Ночью снова исчезло зерно, и Петр, и без того раздраженный, пришел в ярость.
– Я не видел! – воскликнул паренек, шмыгая носом. – Я никогда бы…
В такие ноябрьские дни воздух обжигал, а промерзшая земля словно гудела под ногами. Петр посмотрел на паренька в упор и ответил на его протесты кулаком. За звуком удара раздался вопль.
– Не смей меня обворовывать! – рявкнул Петр.
Вася, которая в этот момент выскальзывала из конюшни, нахмурилась. Ее отец никогда не был вспыльчивым. Он даже Анну Ивановну не бил. «Что с нами происходит?» Вася нырнула обратно в конюшню и забралась на сеновал. Ей не сразу удалось найти вазилу: тот свернулся клубком, зарывшись в сено. При виде его глаз она вздрогнула.
– Почему ты ешь ячмень? – спросила она, собравшись с духом.
– Потому что подношений не было.
Горящие глаза у вазилы стали пугающе черными.
– Это ты пугаешь коней?
– Их настроение – мое, а мое настроение – их.
– Значит, ты очень зол? – прошептала девочка. – Но мои люди ничего плохого не хотели. Они просто напуганы. Священник когда-нибудь уедет. Так будет не всегда.
Глаза вазилы мрачно сверкнули, но Васе показалось, что в них виден не только гнев, но и печаль.
– Я голодный, – сказал он.
Васе стало его жаль. Ей самой часто случалось голодать.
– Я могу приносить тебе хлеб, – сказала она решительно. – Я не боюсь.
Глаза вазилы замерцали.
– Мне надо немного, – сказал он. – Хлеб. Яблоки.
Вася старалась особо не задумываться о том, что ей придется отдавать часть собственной еды. Во второй половине зимы продуктов всегда было немного: очень скоро ей придется жалеть каждую крошку. Но…
– Я буду приносить тебе еду. Даю слово, – пообещала она, искренне глядя в круглые карие глаза конюшенного существа.
– Благодарю, – отозвался вазила. – Выполни свое обещание, и я не стану трогать зерно.
Вася сдержала данное слово. Ее подношение всегда было небольшим. Сморщенное яблоко. Обкусанная корка. Капля медовухи, принесенная на ладони или во рту. Однако вазила брал все охотно, и когда он ел, лошади успокаивались. Дни становились пасмурными и короткими. Выпавший снег словно запечатал их своей белизной. Однако вазила был теперь румяным и довольным, и зимние конюшни стали сонными, как в прежние времена. Что радовало.
Зима оказалась долгой, а в январе морозы так усилились, что даже Дуня не смогла припомнить такого.

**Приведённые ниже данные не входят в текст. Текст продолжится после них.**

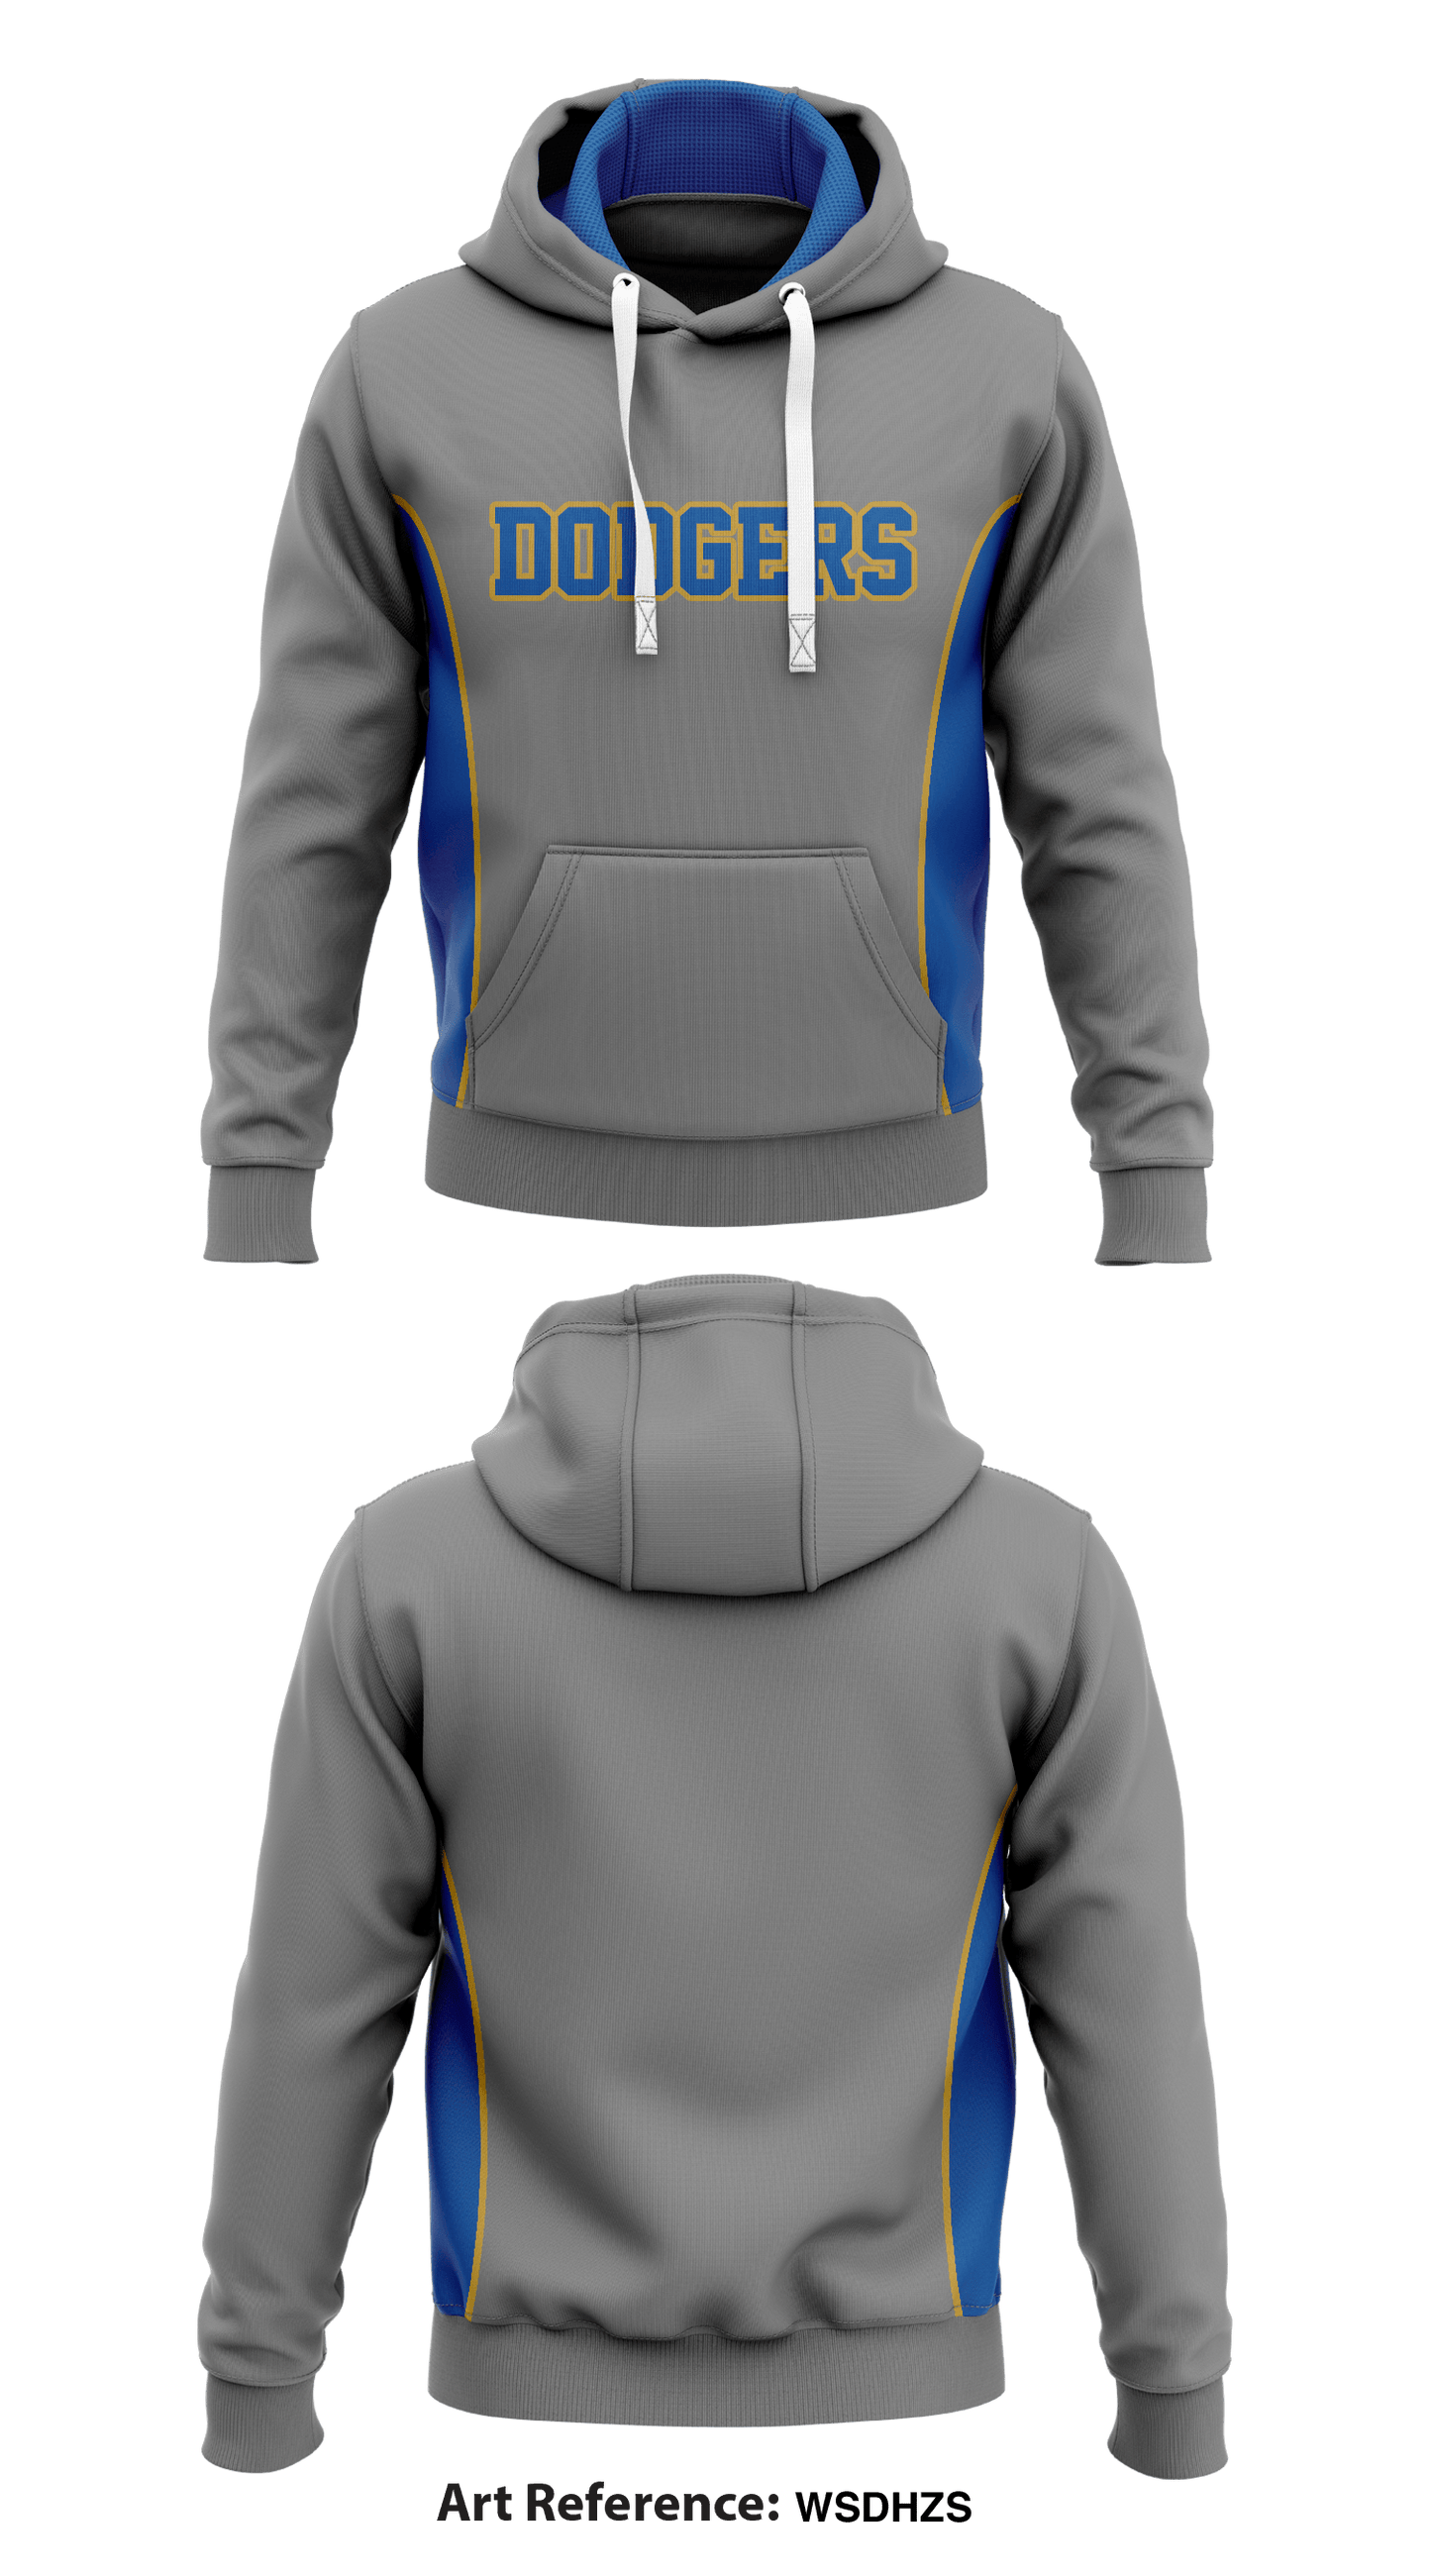 Dodgers Store 1  Core Men's Hooded Performance Sweatshirt - WSDHZS

Безжалостная зима разгоняла людей по домам. У Петра появилось много свободного времени, чтобы смотреть на осунувшиеся лица домочадцев. Они жались к огню, жуя хлеб и кусочки вяленого мяса, время от времени подкладывая дрова в огонь. Даже ночью они не решались прекращать топить печи. Старики ворчали, что дрова сгорают слишком быстро, что нужно класть три полена, чтобы огонь хорошо горел, а раньше хватало одного. Петр и Коля объявили, что это чепуха, однако поленницы быстро таяли.
Середина зимы наступила и миновала. Дни снова начали удлиняться, но мороз только усилился. Он убивал овец и кур, отмораживал запоздавшим пальцы до черноты. Дрова в такие холода были совершенно необходимы, так что когда запасы стали заканчиваться, людям пришлось отправляться в молчаливый лес под жестким светом зимнего солнца. Вася с Алешей, выехав на лошадке с санями и вооружившись небольшими топориками, увидели на снегу следы лап.

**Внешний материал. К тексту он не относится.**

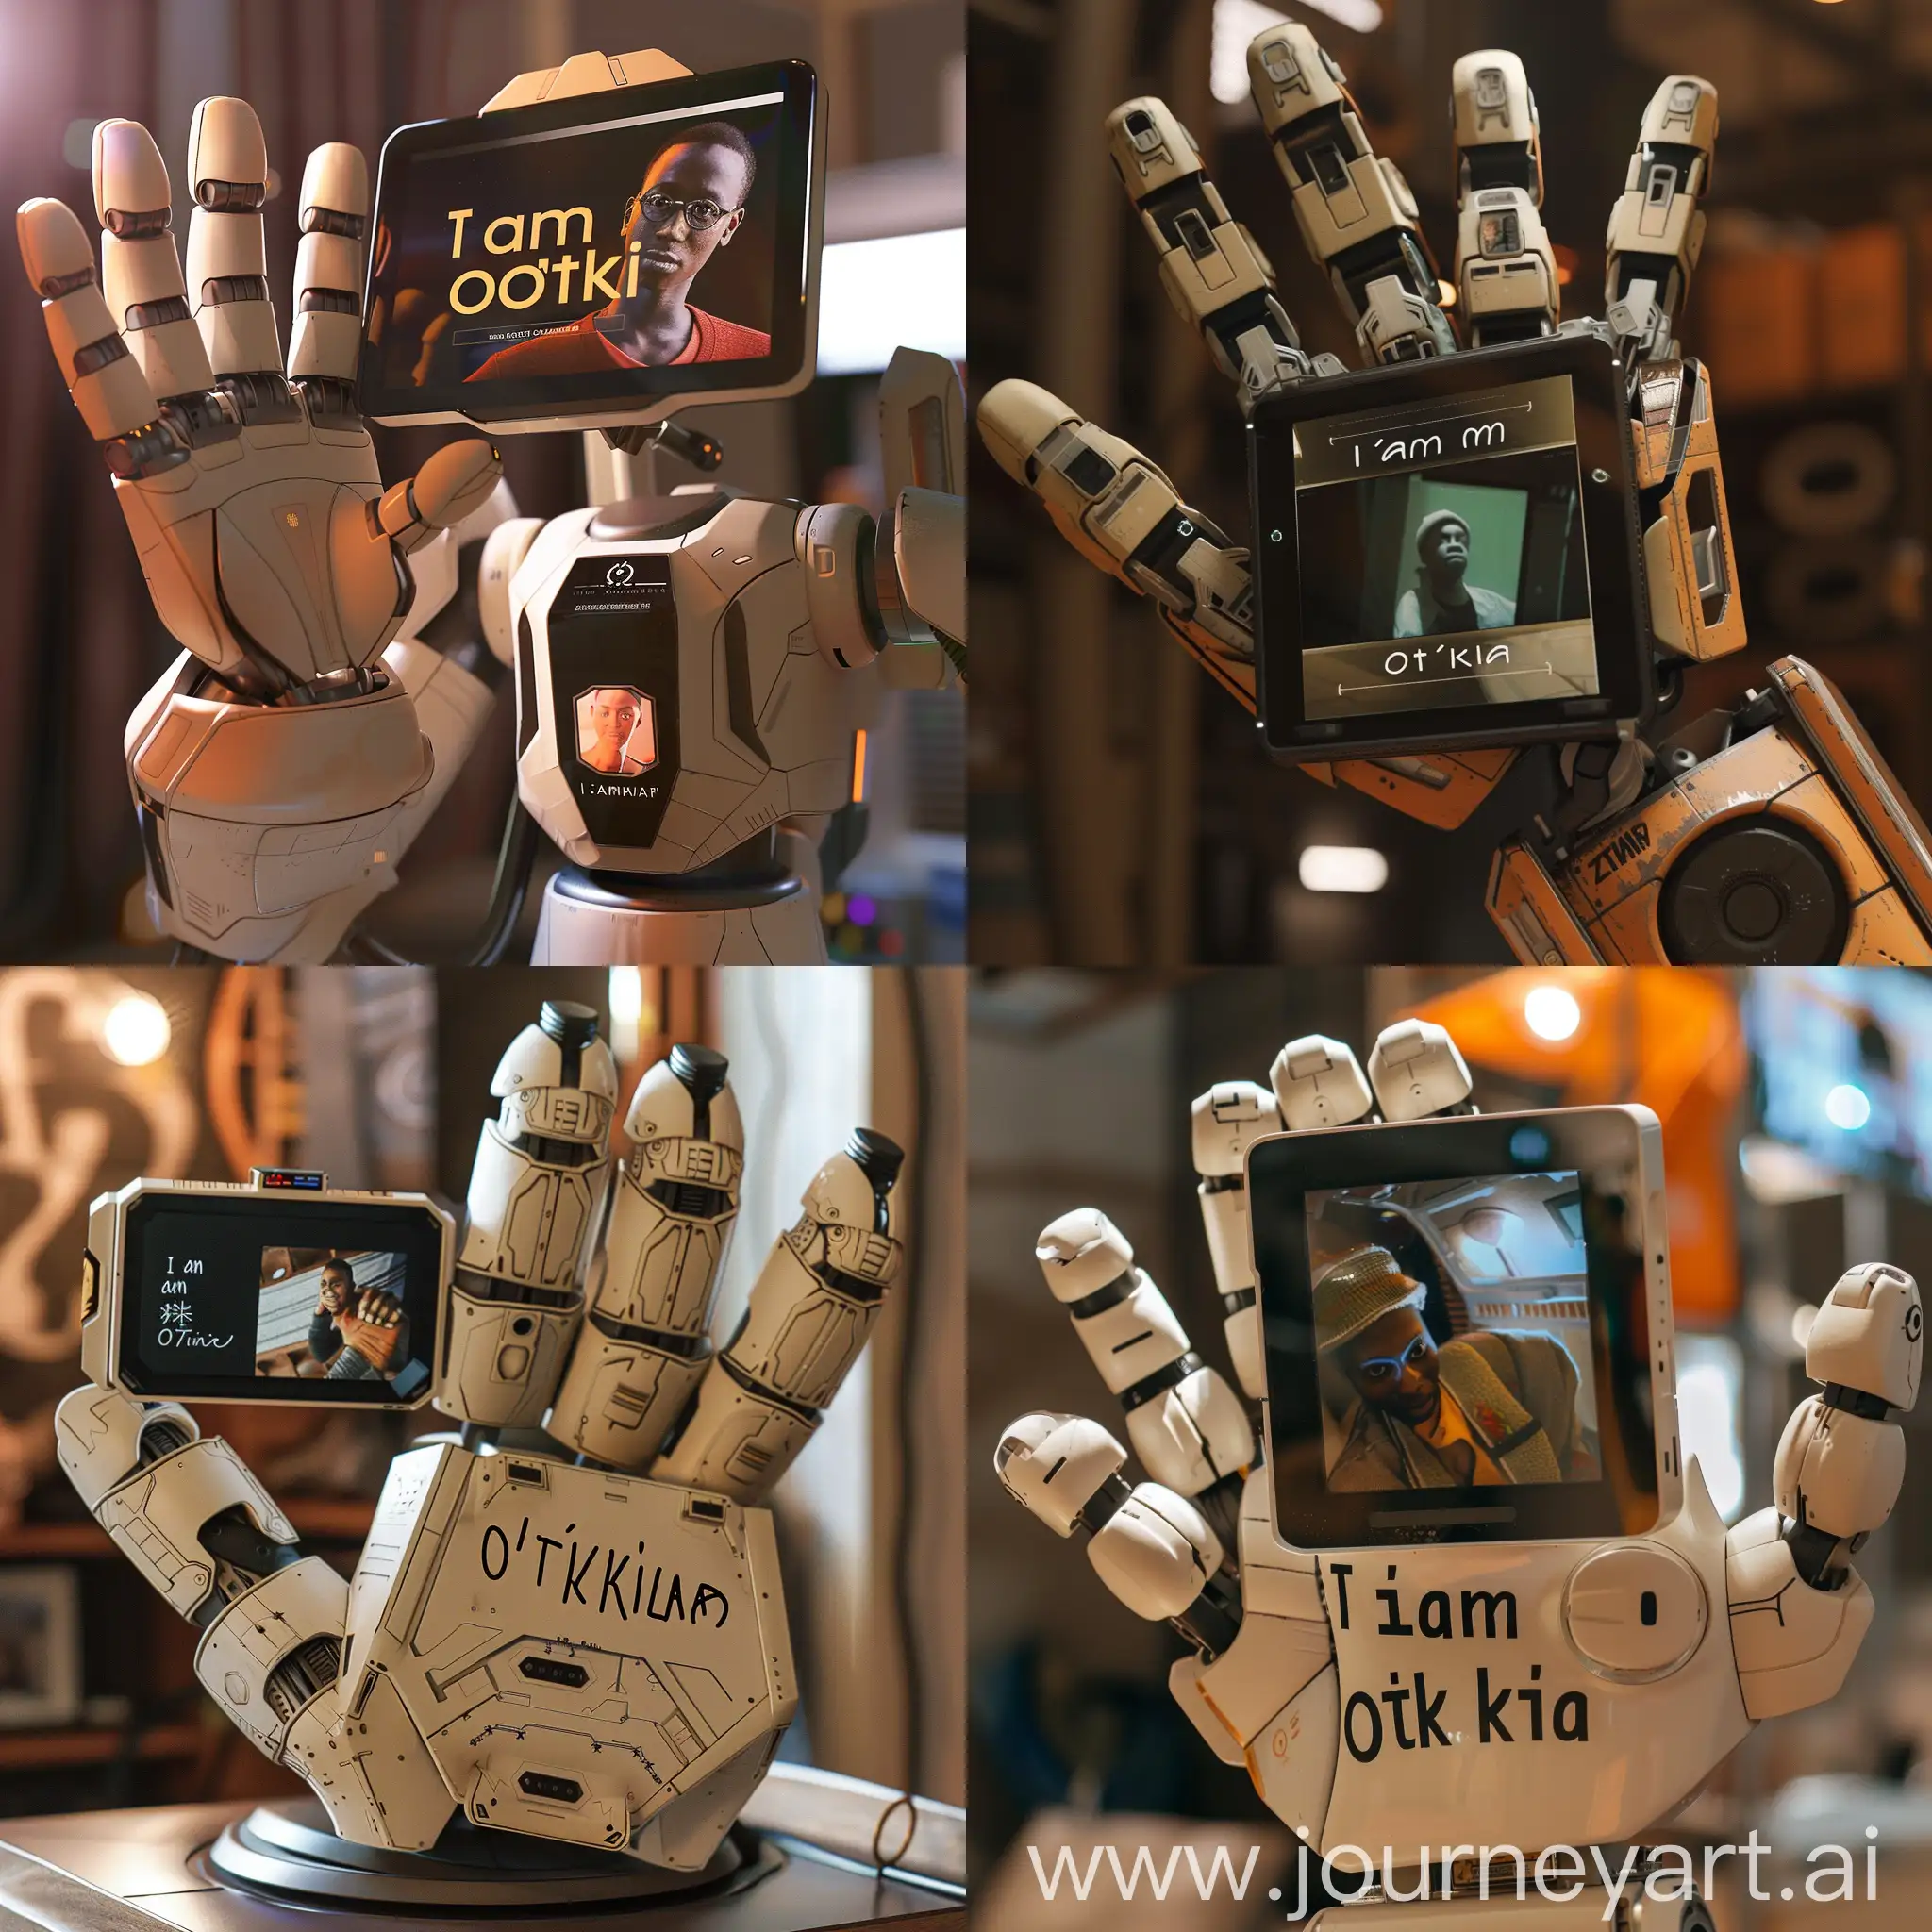 HandShaped-Robot-Displaying-I-am-Otaku-with-Kilwa-Image

– Может, надо устроить на них охоту, батюшка? – спросил Коля у отца тем же вечером. – Часть убьем и сдерем шкуры, а остальных прогоним.

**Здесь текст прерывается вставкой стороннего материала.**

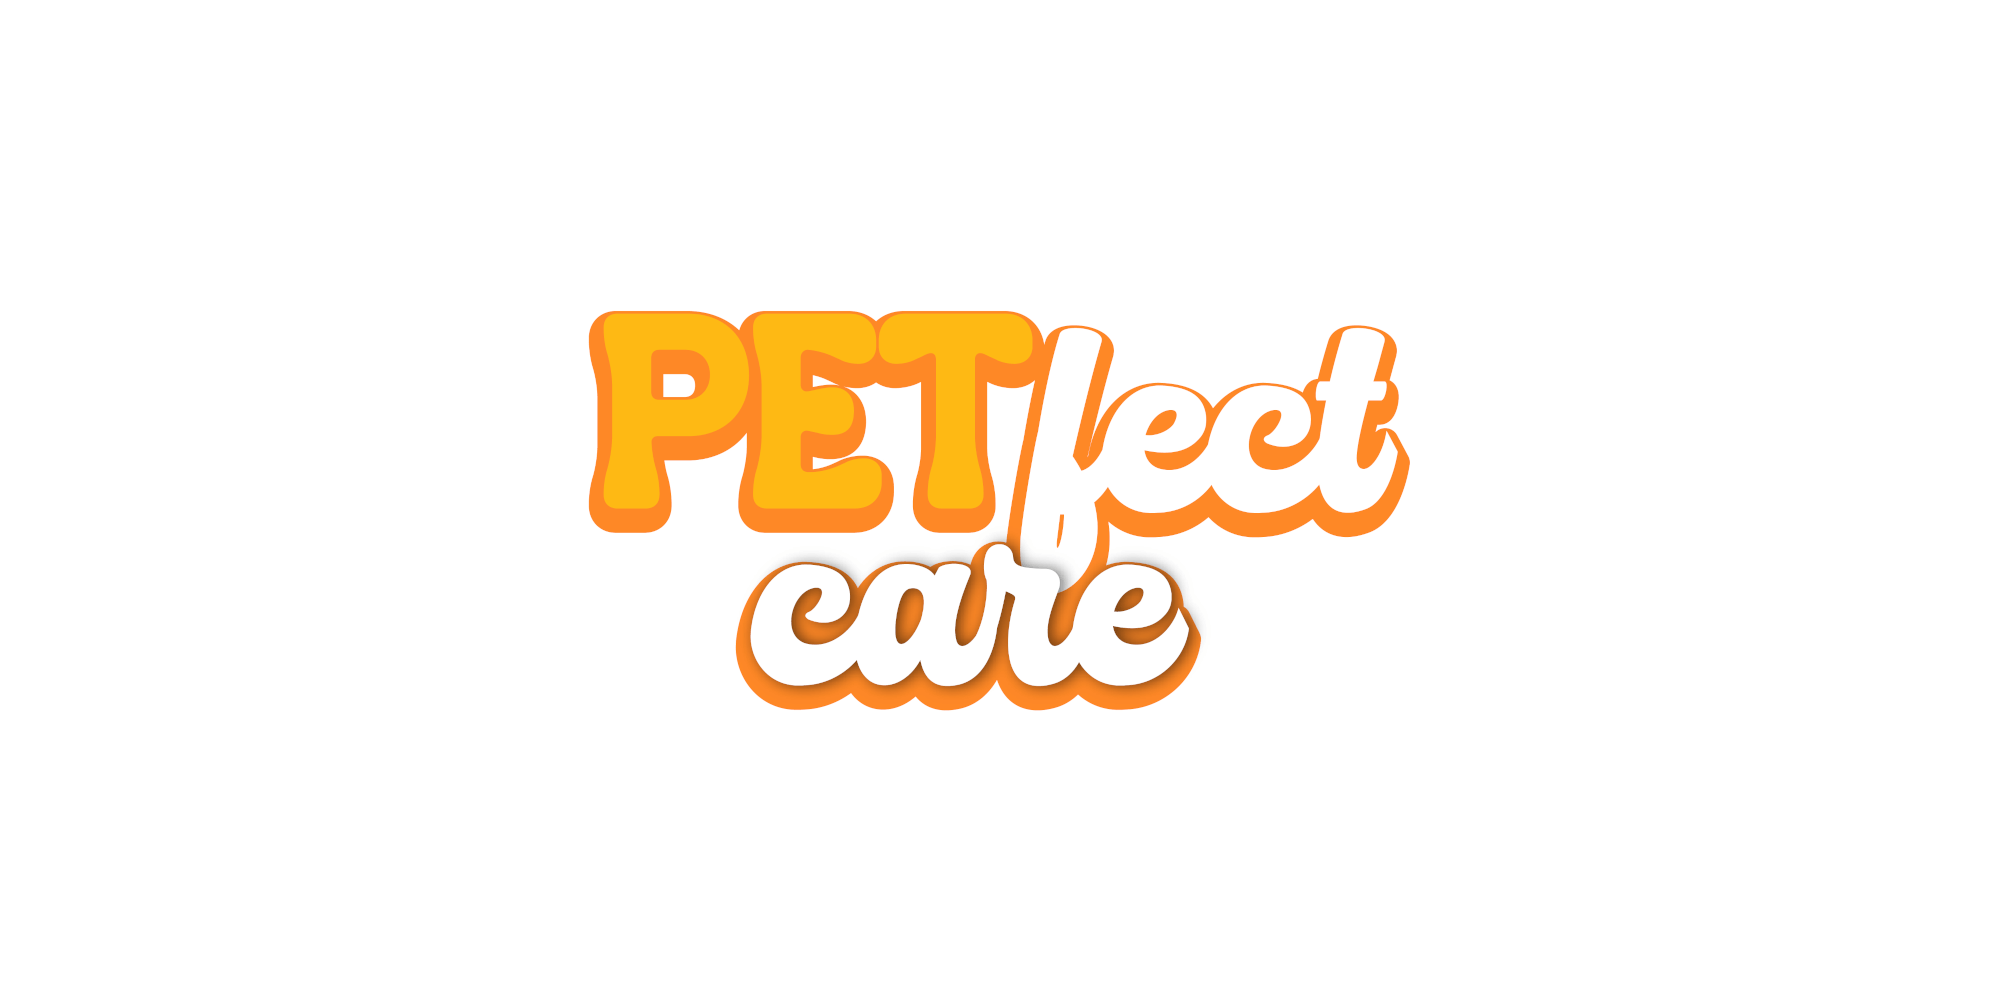 petfect-care-logo-summary

Он чинил косу, щуря глаза в тусклом свете. Его сын Сережа прижался к матери, неподвижный и тихий.
Вася бросила на громадную корзину со штопкой унылый взгляд и взялась за топорик и точило. Алеша, занимавшийся своим топориком, бросил на нее насмешливый взгляд.
– Видите? – сказал отец Константин Анне. – Оглянитесь вокруг. Ваше спасение в милости Божьей.
Анна не отрывала глаз от его лица. Забытое шитье лежало у нее на коленях.
Петра жена удивляла. Никогда раньше она не казалась настолько спокойной – и это в самую лютую зиму!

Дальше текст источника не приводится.